Just so you know, most "stem plants" come without roots, roots have zero to do with growing them and/or the health of the plant when you receive them. What are you using as a substrate? There shouldn't be any real problem planting them in most substrates that are made for a planted aquariums. 

Fun fact: If I do receive stem plants with roots, I usually cut them off. It's much easier to plant just the stem.


----------



## jadavis99 (Feb 13, 2021)

Yes most bunches come with no stems but I thought a potted one might have roots. The only thing I meant was the roots seem to hold them down. I have a 10 year old establed tank but neglected it for many of the last months. So, I wish I had aquarium soil, it is small inert substrate.

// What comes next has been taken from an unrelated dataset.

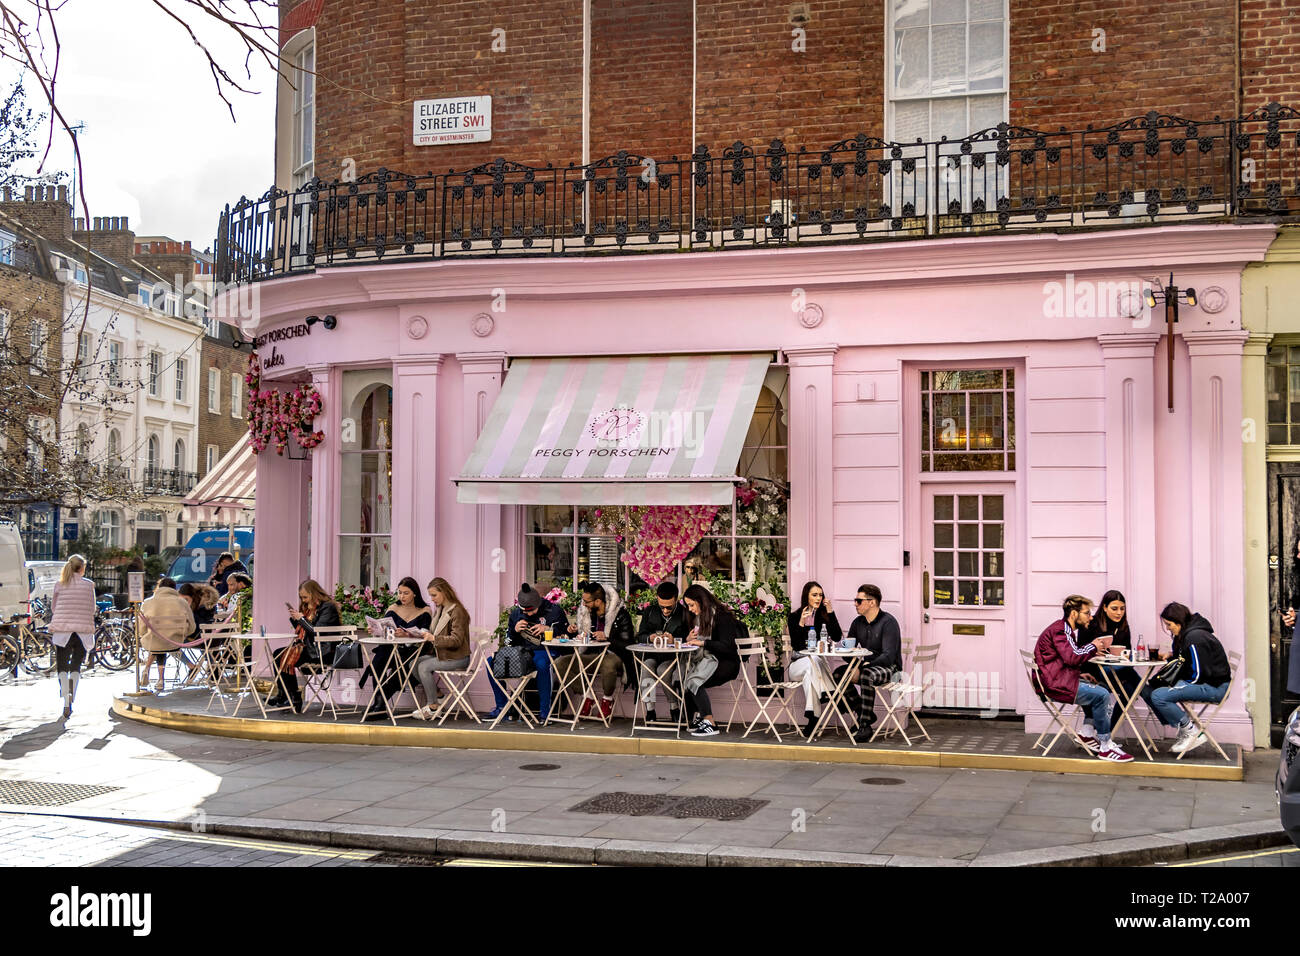 Les gens assis à l'extérieur de Peggy Porschen gâteaux, à Belgravia , un magasin de gâteaux connu pour son extérieur rose pastel frappant, Londres, Royaume-Uni Banque D'Images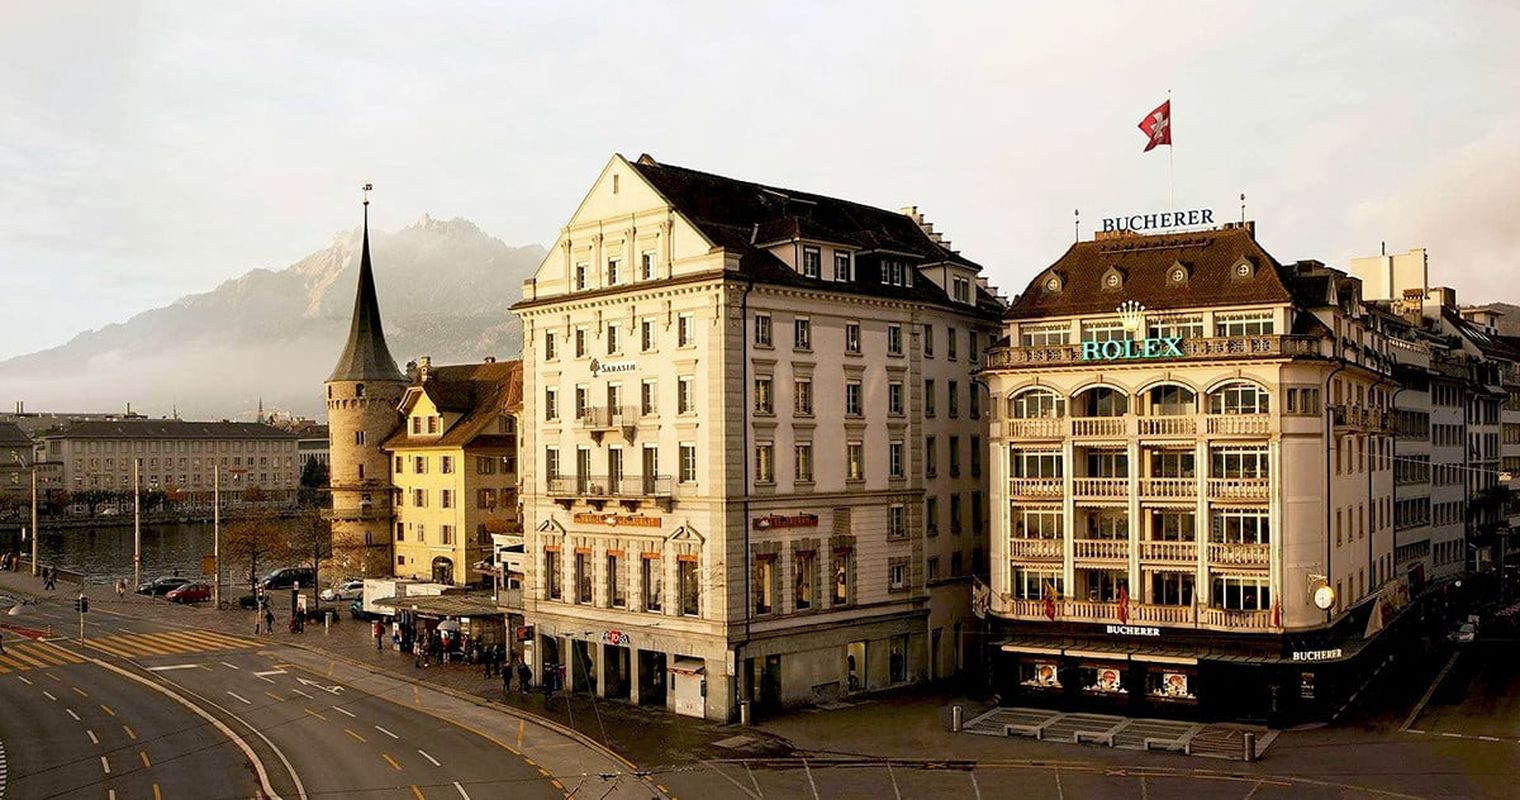 Nach Rolex-Bucherer-Deal: Was sich am Schwanenplatz ändert

I had too much going on in the tank to swap out substrates, NOW I wished I had.


----------



## Asteroid (Jul 26, 2018)

jadavis99 said:


> Yes most bunches come with no stems but I thought a potted one might have roots. The only thing I meant was the roots seem to hold them down. I have a 10 year old establed tank but neglected it for many of the last months. So, I wish I had aquarium soil, it is small inert substrate. I had too much going on in the tank to swap out substrates, NOW I wished I had.


You could always replace the substrate "slowly" by removing some it a section at a time with pool filter sand. PFS is a perfect grain size and very easy to plant in. Just suction out an area of gravel and then replace with the PFS. If you do a section at a time and change water there is minimal risk to livestock.


----------



## Leeatl (Aug 8, 2015)

I cut the bottom 2 leaves in half and bury them so it usually stays put , or I take a small piece of filter sponge , cut a hole in the middle . Push a straw through the hole then put stem roots and all in the end of the straw . Pull the straw out while holding the plant in place . Bury the sponge and it will like not come out .


----------



## Dreya (Nov 18, 2020)

I was wondering if anyone has ever tried the flourish glue aquascapers use to attach plants to rocks/stones.. Use it to glue a pebble on the side of the stem, then plant that?


----------



## Asteroid (Jul 26, 2018)

Dreya said:


> I was wondering if anyone has ever tried the flourish glue aquascapers use to attach plants to rocks/stones.. Use it to glue a pebble on the side of the stem, then plant that?


That's an interesting idea if your really having trouble. BTW you could use any glue that's cyanoacrylate. I typically use the Gorilla or Loctite brands. All the plants in my scapes were attached that way.


----------